## Required work
Locate "f416ac9fb116a Balón Kelme" in the data below, then output the line it is on and all following lines through the last, word for word. Skip any pictures.

## Data segment
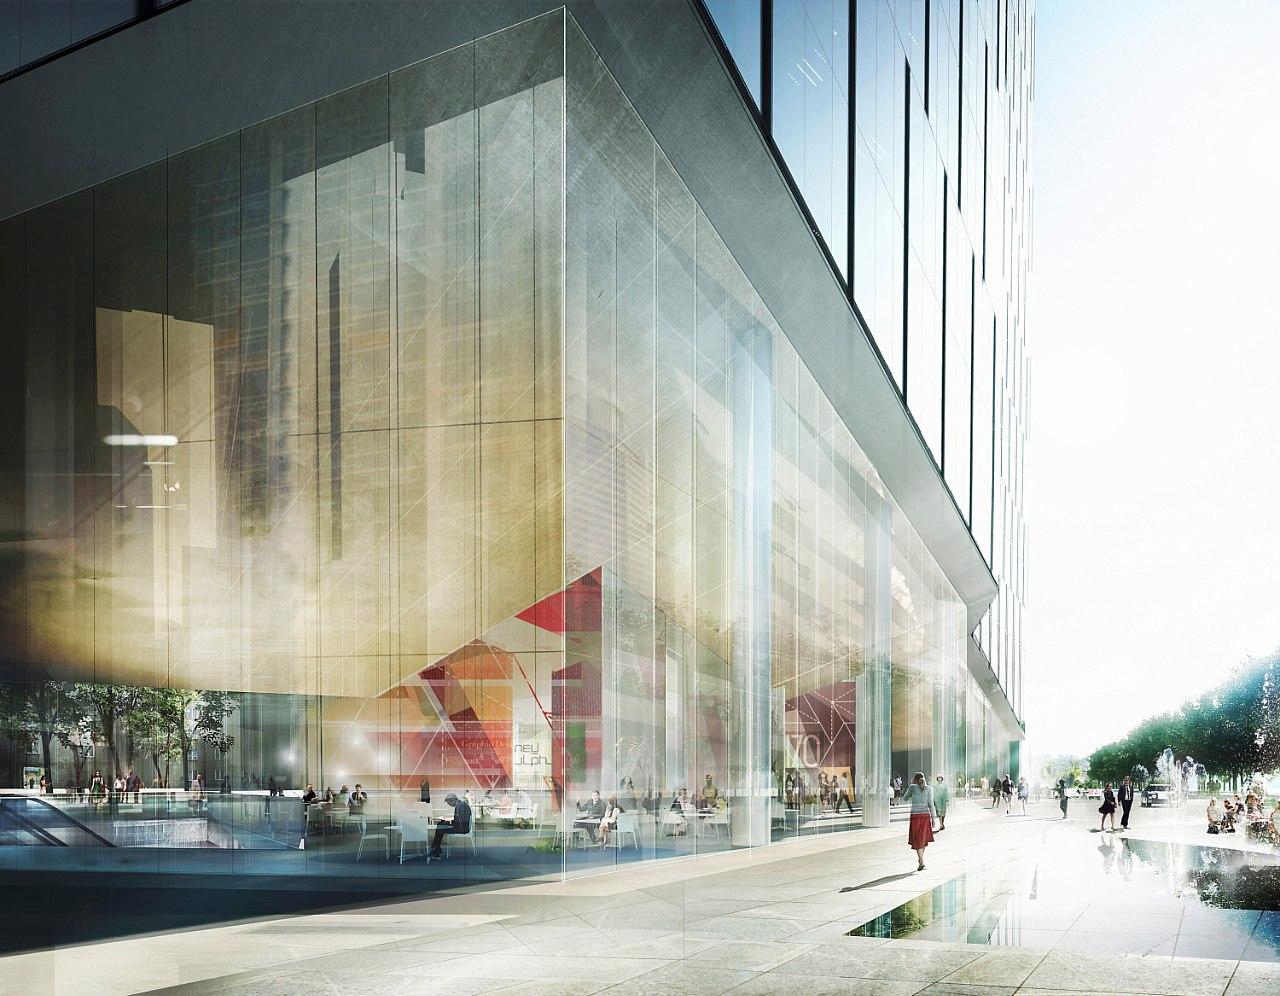 Office Tower Warsaw By Schmidt Hammer Lassen Architects
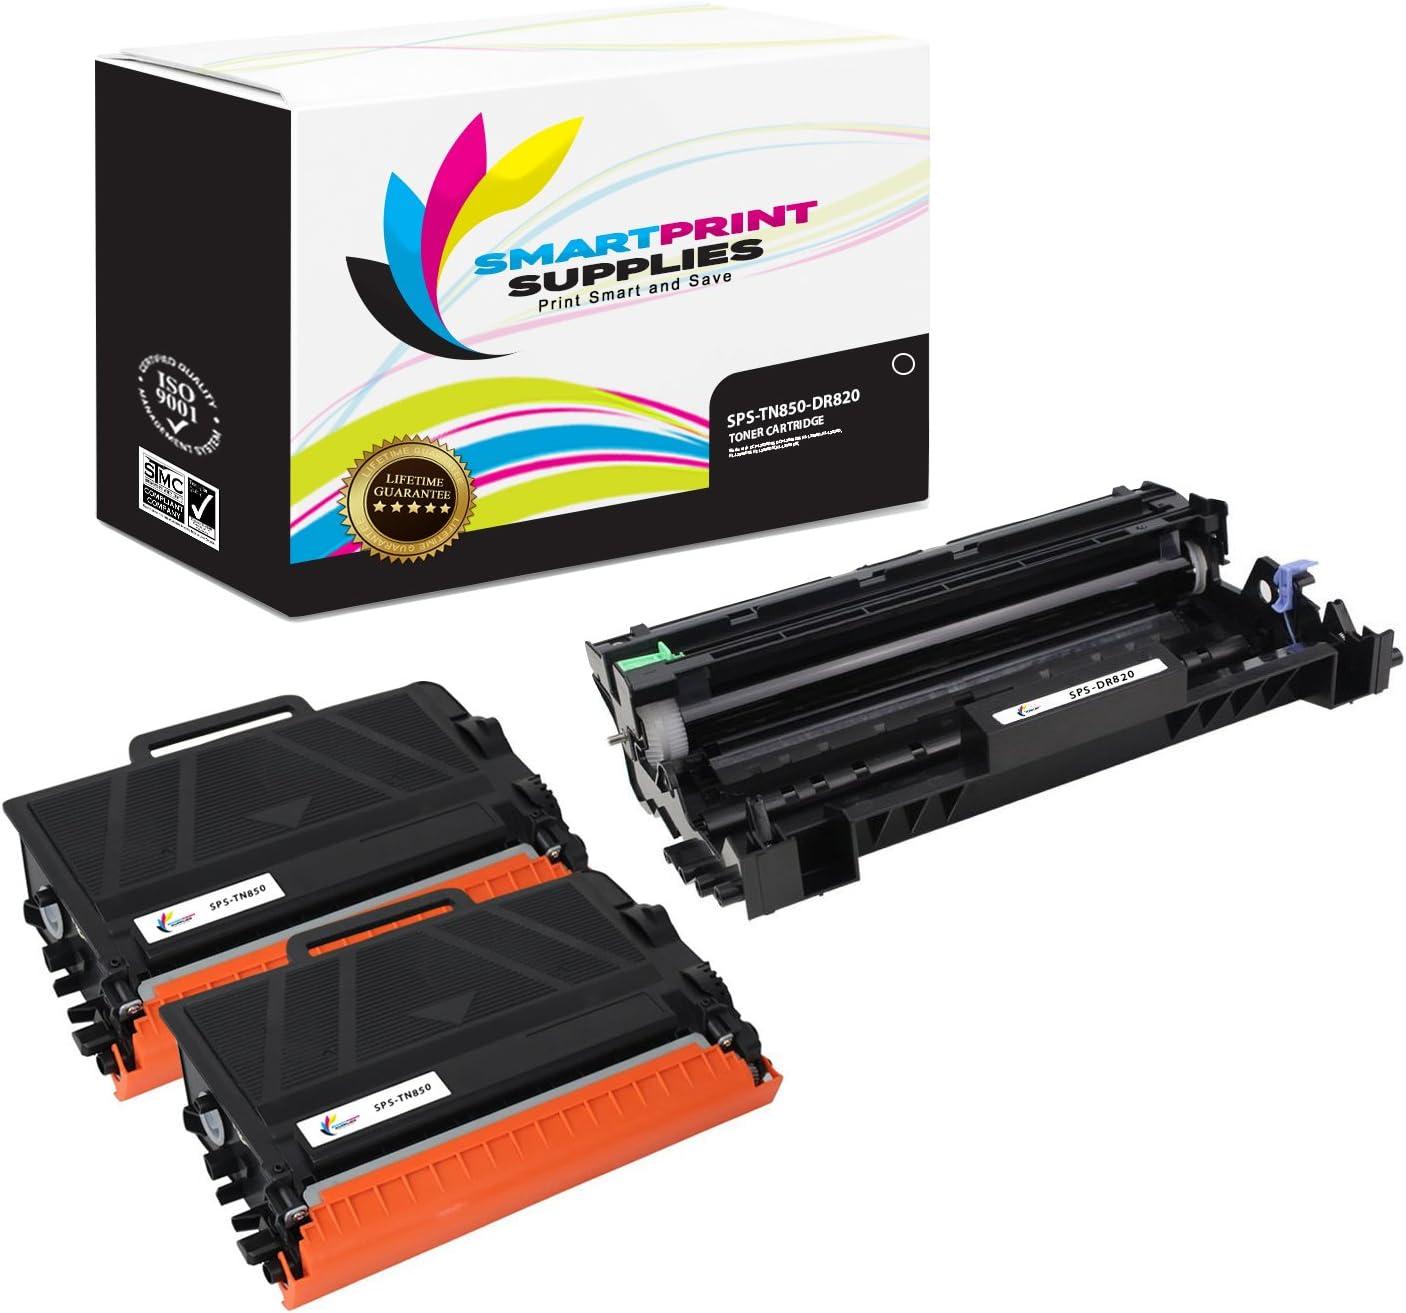 2 Toner,1 Drum DR-820 SuppliesOutlet Compatible Toner Cartridge and Drum Unit Set for Brother TN850 TN-850 DR820
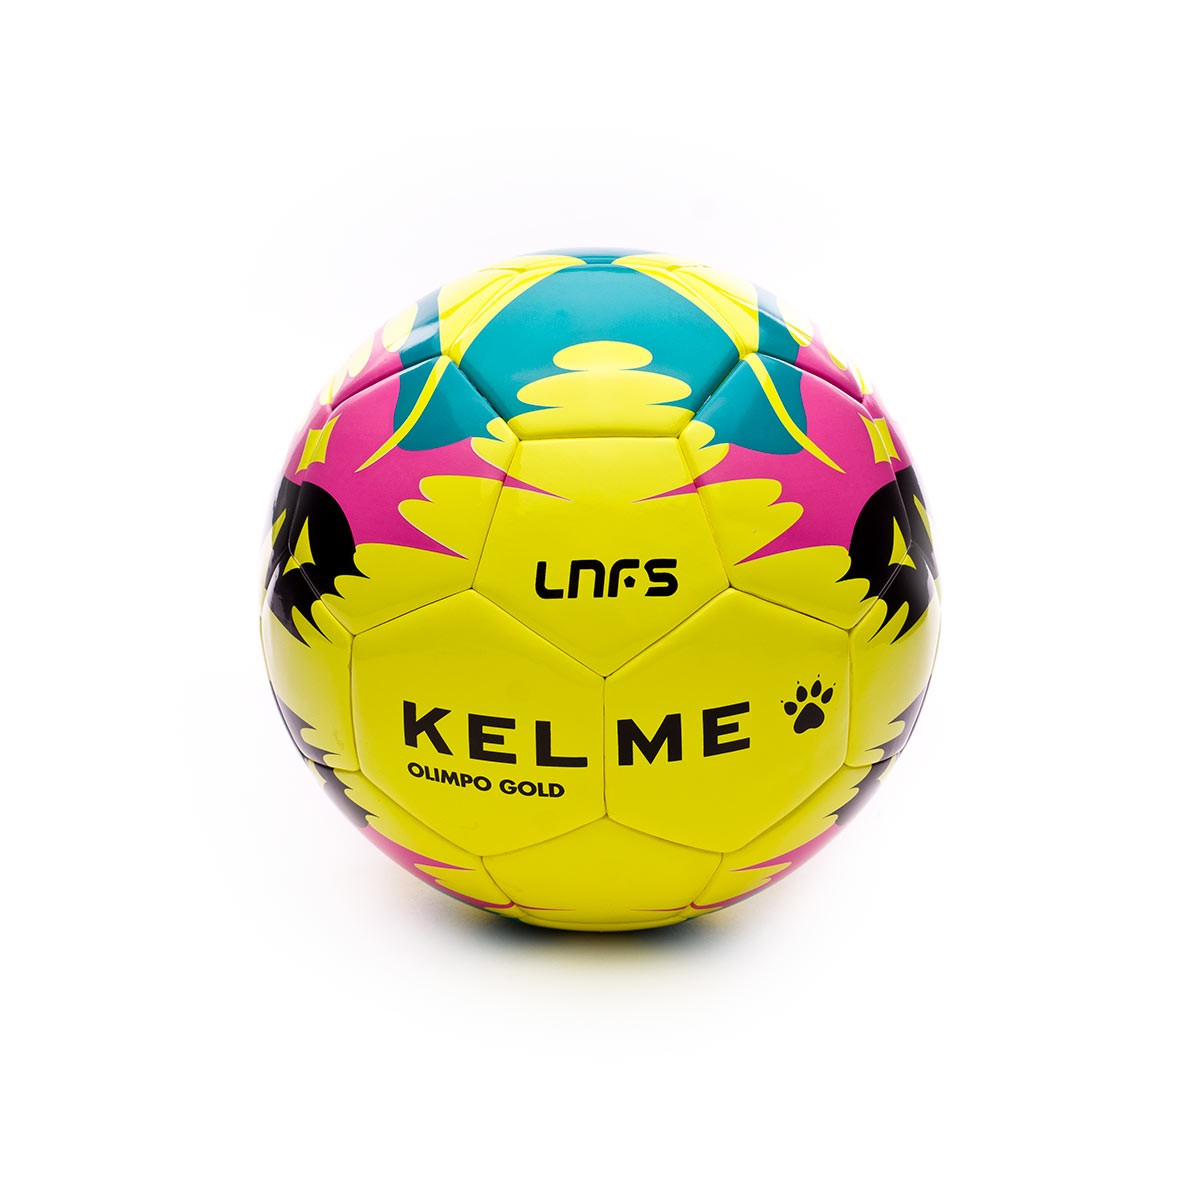 f416ac9fb116a Balón Kelme Olimpo Gold Replica LNFS 2017-2018 Amarillo - Tienda de fútbol  Fútbol Emotion
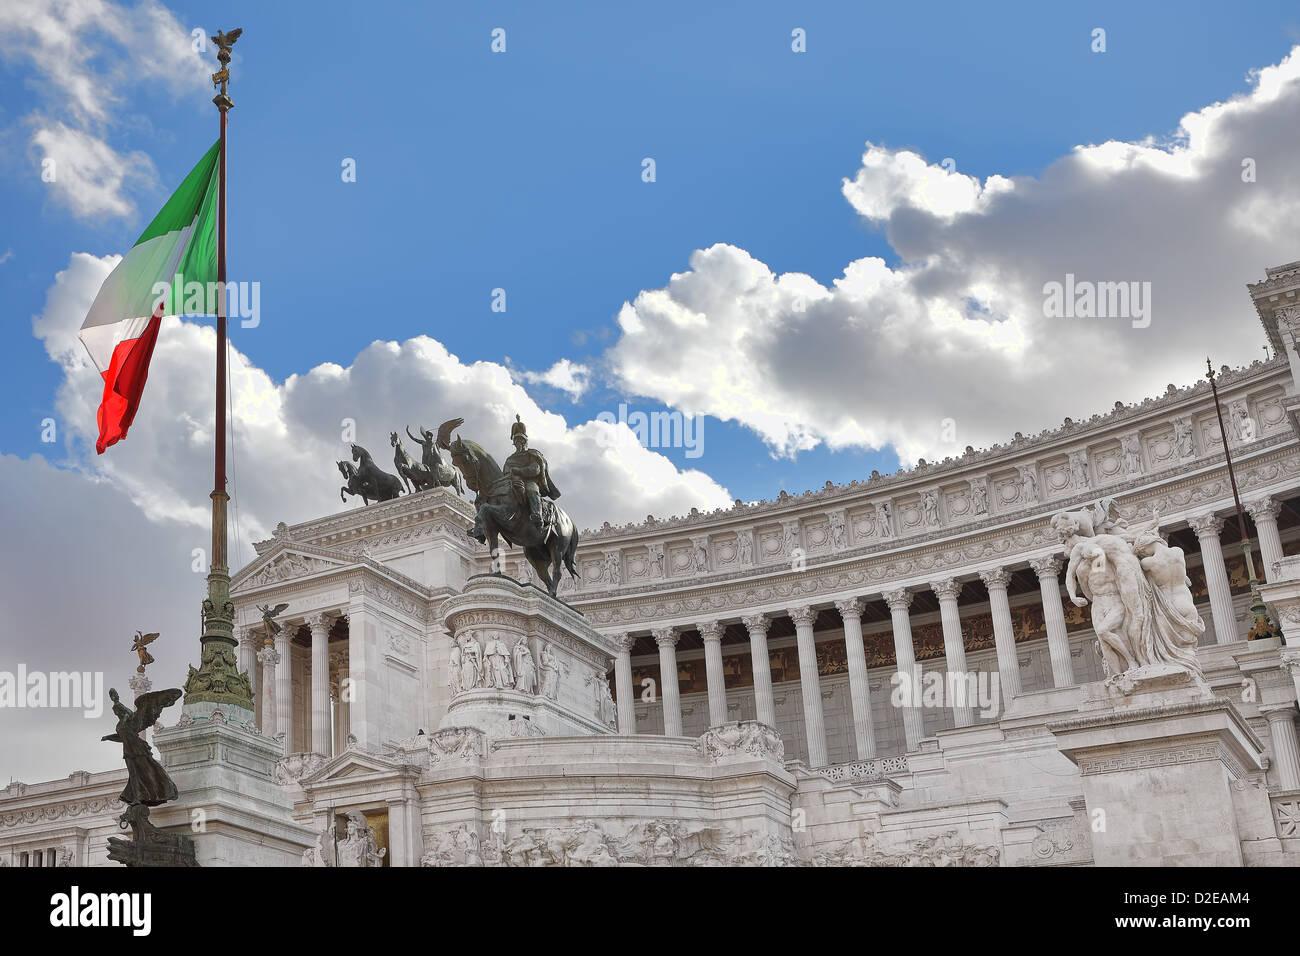 Famous Victor Emmanuel II (Vittorio Emanuele II) monument aka Altar of the Fatherland with italian national flag - Stock Image

## Task answer
 f416ac9fb116a Balón Kelme Olimpo Gold Replica LNFS 2017-2018 Amarillo - Tienda de fútbol  Fútbol Emotion
 Famous Victor Emmanuel II (Vittorio Emanuele II) monument aka Altar of the Fatherland with italian national flag - Stock Image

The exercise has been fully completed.